The Virginia Chapter of the Sierra Club, the Southern Environmental Law Center and the Chesapeake Climate Action Network say they’ve spent months and years laying the groundwork for the passage of such bills. Last week, Gov. Ralph Northam announced full-throated support for the legislation that would require coal ash ponds in the Chesapeake Bay watershed to be excavated and the ash placed in modern, lined landfills or safely recycled.

Dominion spokesman David Botkins said that years ago when the ponds were built there were no rules for lining them. As for any contamination, he said, “We are developing a corrective action plan to resolve those issues. There is no impact to any local communities or drinking water wells at any of the sites.”
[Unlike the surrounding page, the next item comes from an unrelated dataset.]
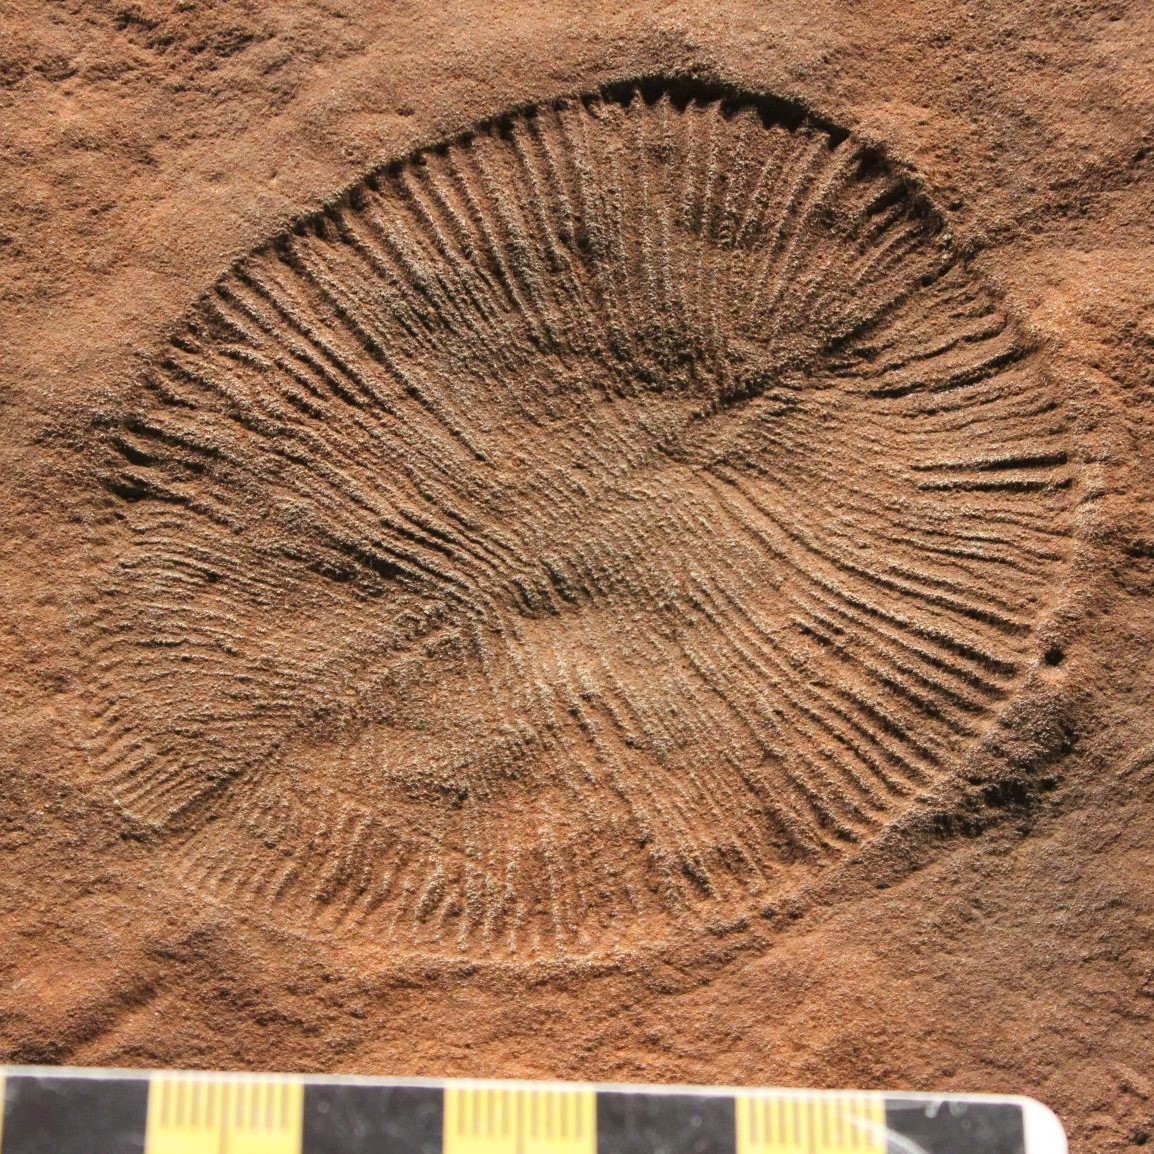 Image of a dinnerplate like Dickinsonia fossil from the South Australia Museum
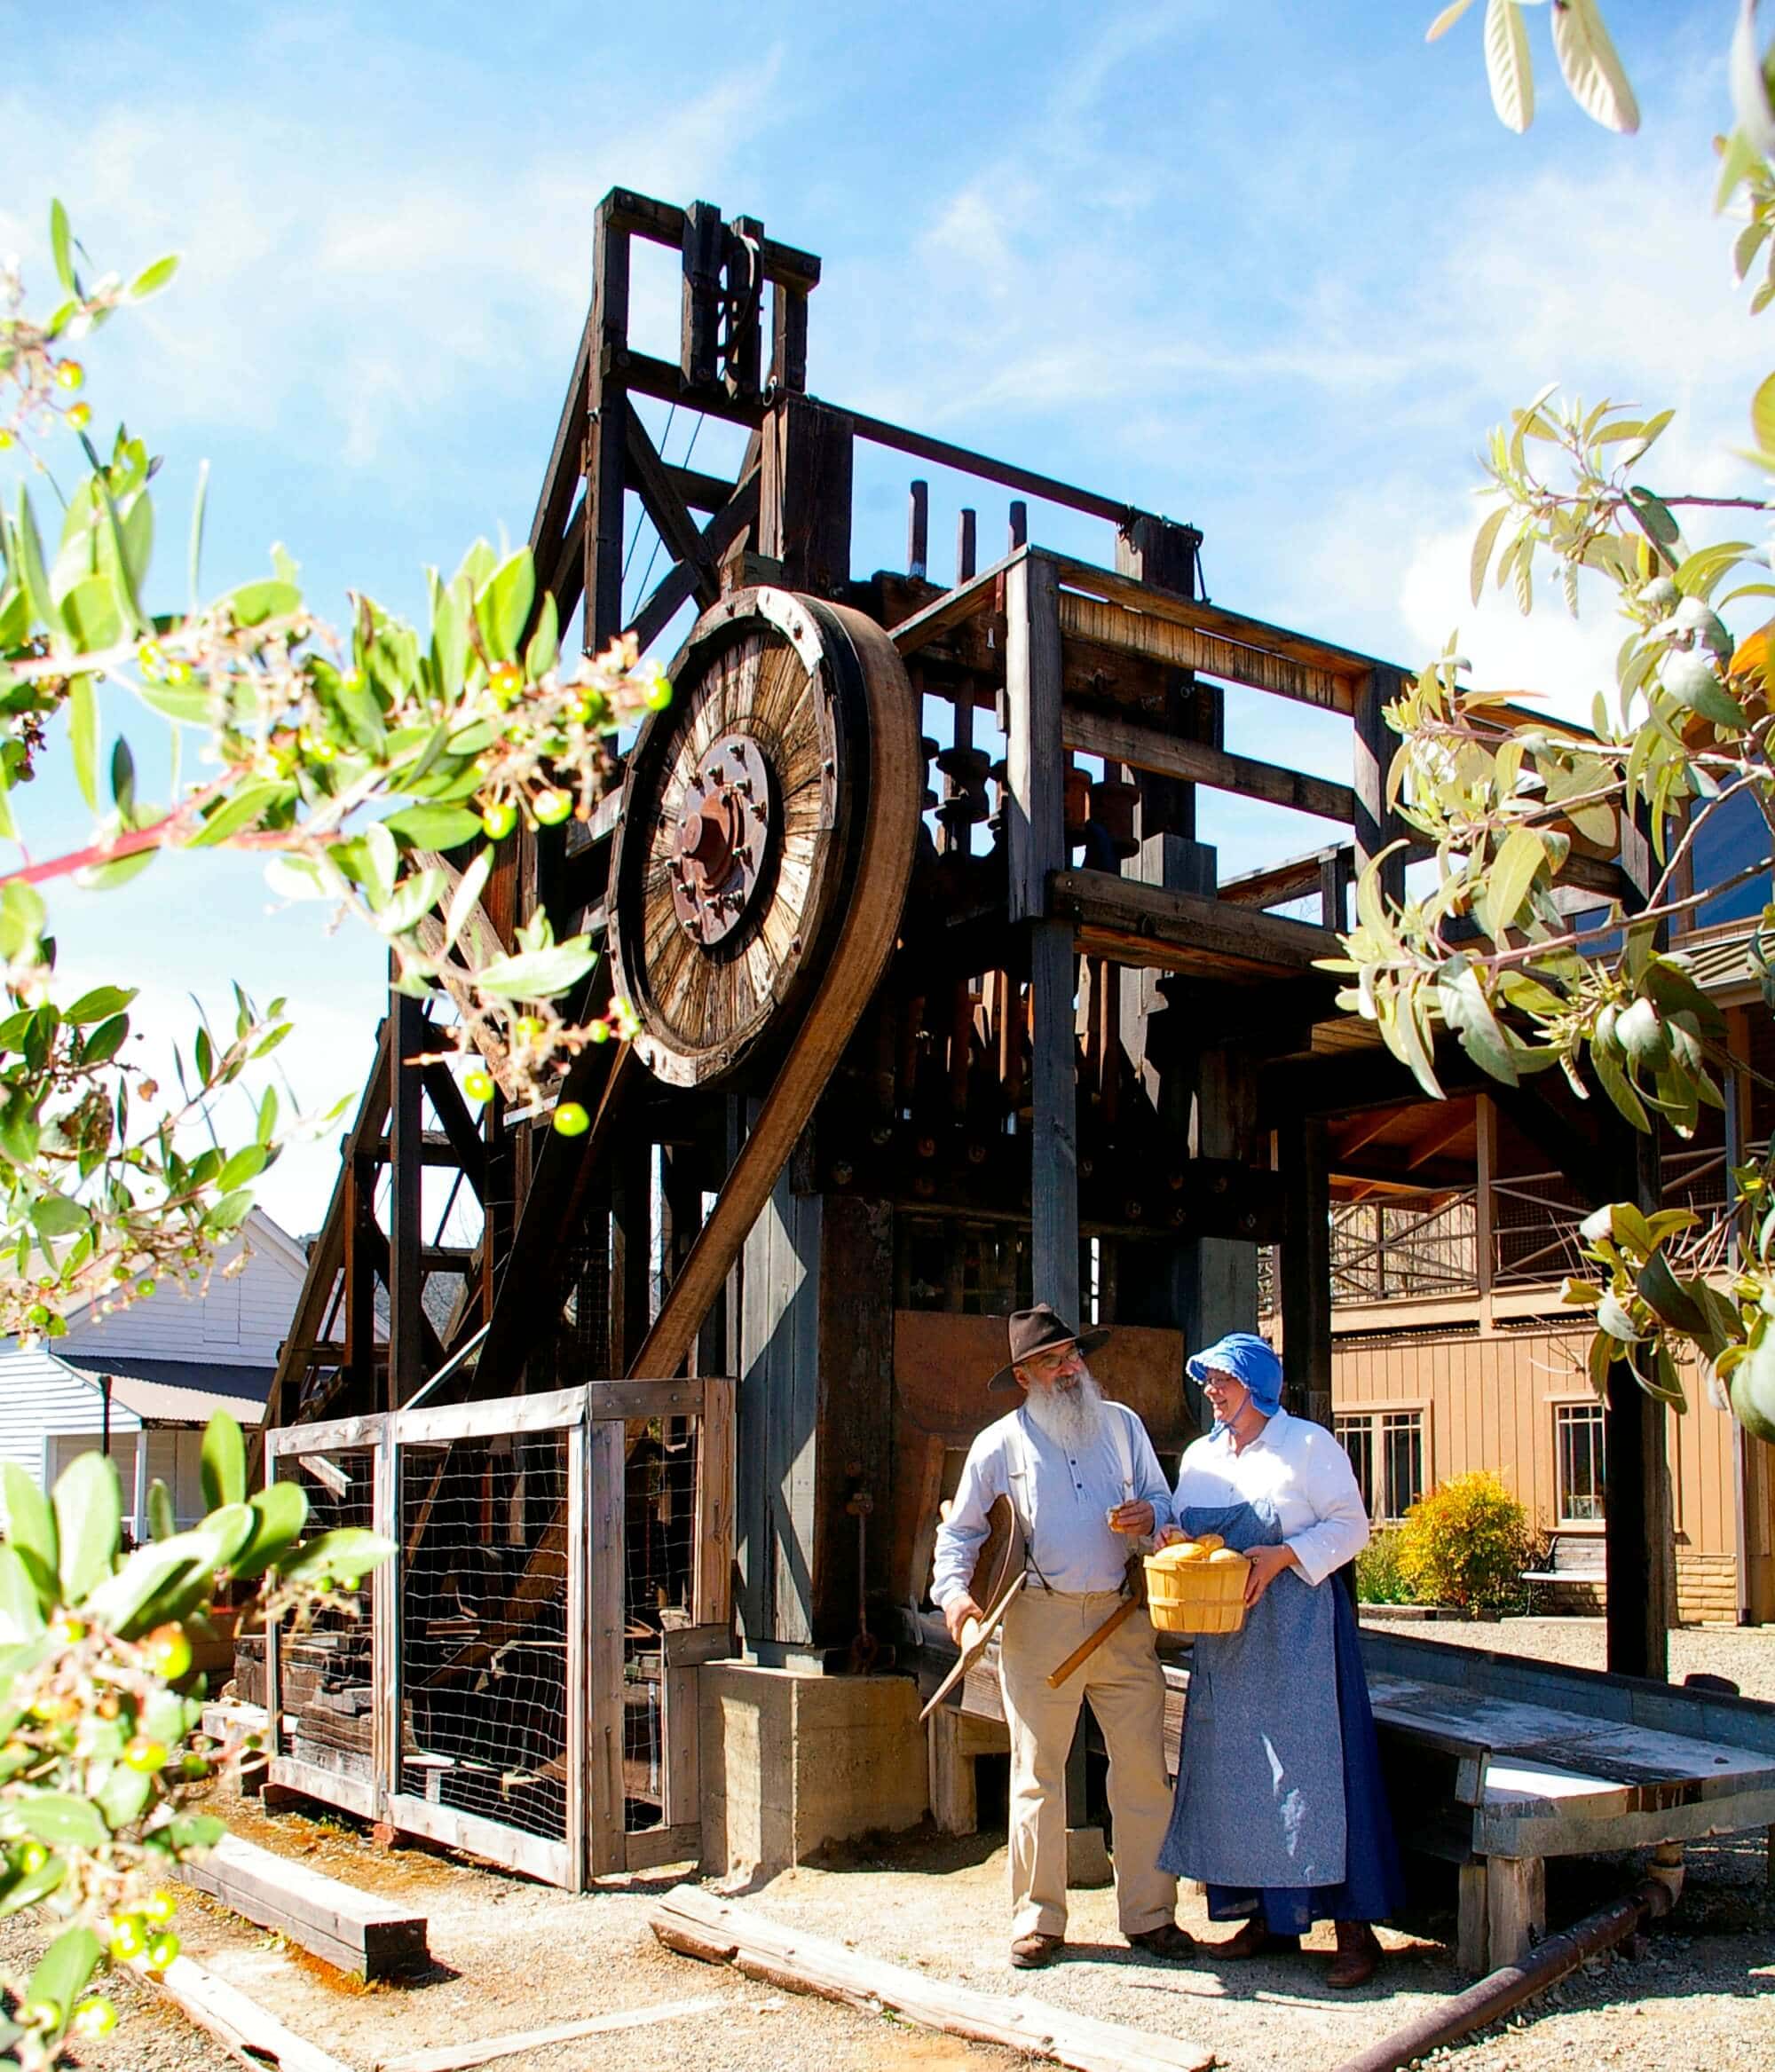 Man and woman in front of the working stamp mill

Dominion has explored a number of options for closing its ponds in a safe and environmentally responsible manner, he said. In December, at the General Assembly’s request, it presented a report on those options, which include excavation and recycling, and now awaits guidance from lawmakers.

Other options include containment walls or pump-and-treat systems, but Benforado cautioned that such systems would have to be operated and maintained indefinitely and are at risk of equipment failure, human error and storms or hurricanes.

Meanwhile, utilities in North Carolina, South Carolina and Georgia are safely and cost-effectively excavating millions of tons of their coal ash and storing it in modern landfills, he said, while recouping much of their costs by selling some of it for use in concrete and cement.“Recycling is an important part of a long-term, permanent solution,” Benforado said. “There is a demand for Dominion’s ash.”